En algún momento de la infancia uno puede llegar a creer, como Adán, que su padre es Dios, por lo tanto, estaría bien empezar con la Biblia. Allí encontramos la conocida parábola del hijo pródigo. Como todos saben, el menor de dos hermanos pide a su padre la parte de la herencia que le corresponde y sale a ver el mundo. El derroche y el fracaso hacen que retorne a casa arrepentido y reciba el perdón por parte del padre. Pareciera que el autor de la Biblia insiste —por si no quedó claro con Adán— en que el padre es Dios. Rembrandt cuando pinta El regreso del hijo pródigo, la última o una de sus últimas obras, demuestra que ha leído la parábola de esa manera. Miremos el cuadro. El padre, anciano y cargado de sereno afecto, acoge entre sus brazos al hijo arrepentido. El muchacho está de rodillas, entregado, y su cabeza descansa sobre el pecho del padre. A la sumisión se suma la indigencia: viste harapos. Su hermano, por el contrario, que no se ha apartado del mandado paternal, luce prendas costosas y su actitud es condescendiente pero con una buena carga de majestad. Detrás, hay dos figuras que asisten al encuentro y que le dan al regreso un ritual público, la necesidad de que haya testigos de ese arrepentimiento. Pero como Rembrandt además de lector es un genio, la deidad no la aporta a través de las figuras sino que lo hace con la luz. ¿De dónde sale la luz en el cuadro? Pues, del padre, es decir, de Dios, ¿de dónde si no? Desde la frente del padre se irradia un resplandor que abarca al hijo rendido a sus pies y alcanza al rostro del hijo mayor. Todo lo demás se diluye en sombras. La luz del padre, la zona luminosa de verdad a la que el hijo regresa después de haber estado en las tinieblas.

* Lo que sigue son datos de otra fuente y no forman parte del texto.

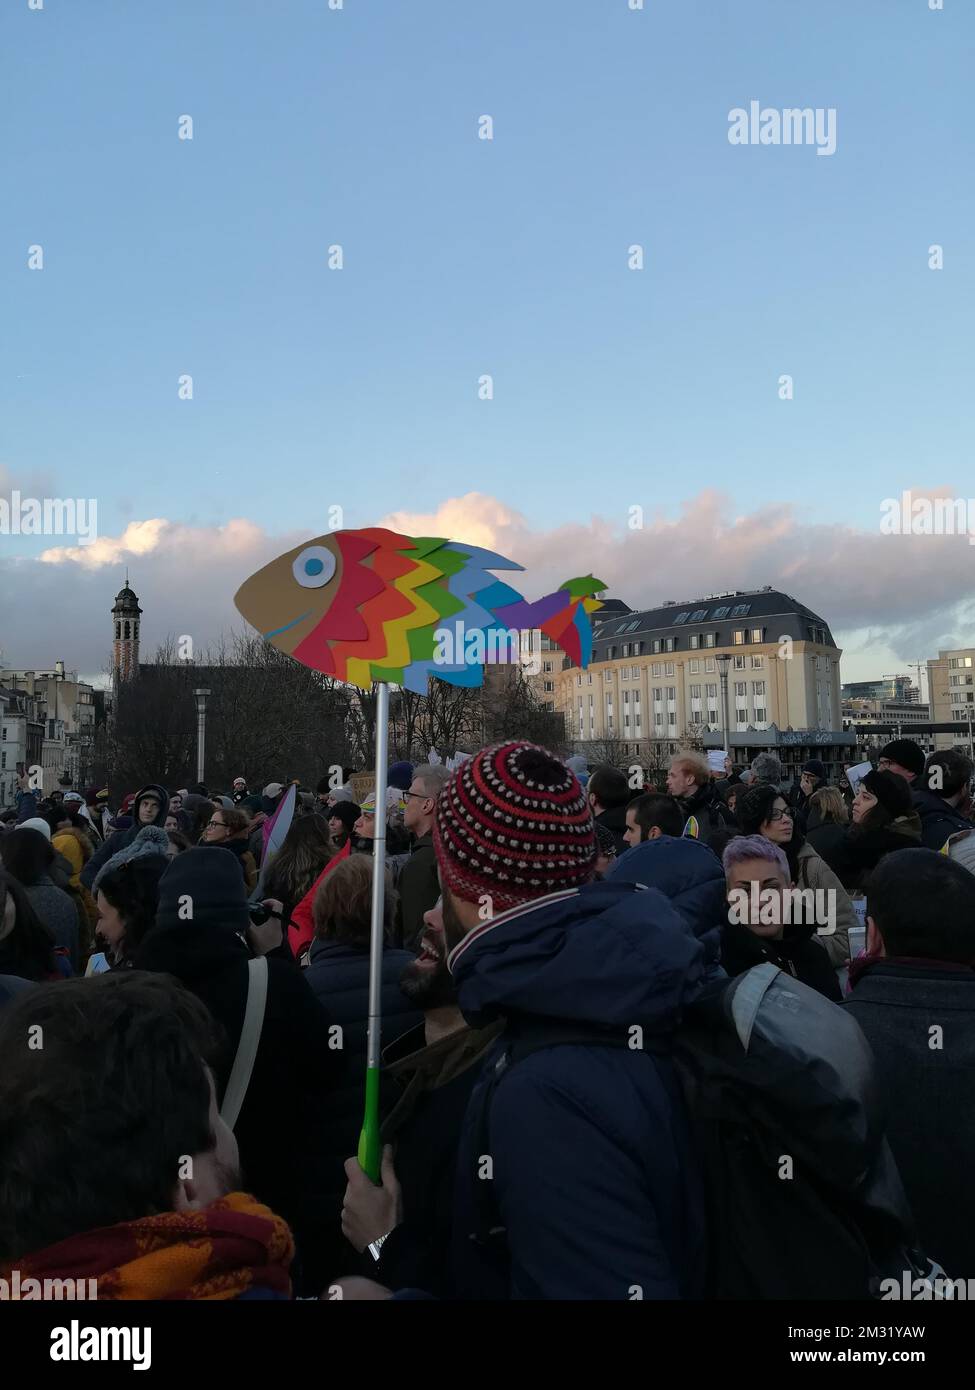 L'immagine mostra una dimostrazione del movimento sardino di sinistra, sabato 14 dicembre 2019 a Bruxelles. Il movimento Sardine è stato lanciato in Italia come protesta contro il partito della Lega anti-immigrazione guidato da Salvini. FOTO DI BELGA ANTONY GEVAERT Foto Stock

El padre es Dios. Pero mucho después, el Lazarillo de Tormes viene a decirnos que Dios no existe: se puede ser huérfano y encontrar un lugar en el mundo. Empezando por la novela, que es central en la historia de la literatura y es tan huérfana como su protagonista.

El Lazarillo mata de un tiro a dos pájaros: el padre y el autor. Pero la novela, a su vez, da vida al cine, con lo cual asume la paternidad del nuevo arte y este no se propone otra cosa distinta al mandato de su coetáneo Freud: matar a quien le engendró, además de ridiculizarlo al punto de sentar a Faulkner e incluso a Chandler, ya moribundo, a escribir guiones. Y vaya si lo mata.

No hay más que echarle un ojo a El Padrino para ver como Michael Corleone, desoyendo el mandato paterno, echa tierra sobre la tumba de Vito Corleone y ocupa su lugar. Pero Michael no es rencoroso y demuestra que, aunque lo suyo sea la pantalla, también ha pasado por la biblioteca: cuando despacha a su hermano Fredo le hace un guiño a Caín. Michael no será hijo de Dios pero sí reconoce, según lo ha leído en la Biblia, ser nieto suyo. Sin embargo el cine no solo engendra odio: es el padre de las series. Tony Soprano no niega ser hijo de Michael Corleone aunque no hay temporada en la que no se burle de él. Los conflictos de Tony no son con su padre, son con la mamá. La relación de amor y odio que Tony siente hacia su madre, y que revisa una y otra vez a lo largo de la serie en la consulta de una psicoanalista, pone en primer plano su complejo de Edipo que, como todo el mundo conoce, trata la traumática relación de uno con la madre. Pero, ¿cuándo se mete Edipo en problemas y convierte su vida en tragedia? Cuando mata al padre.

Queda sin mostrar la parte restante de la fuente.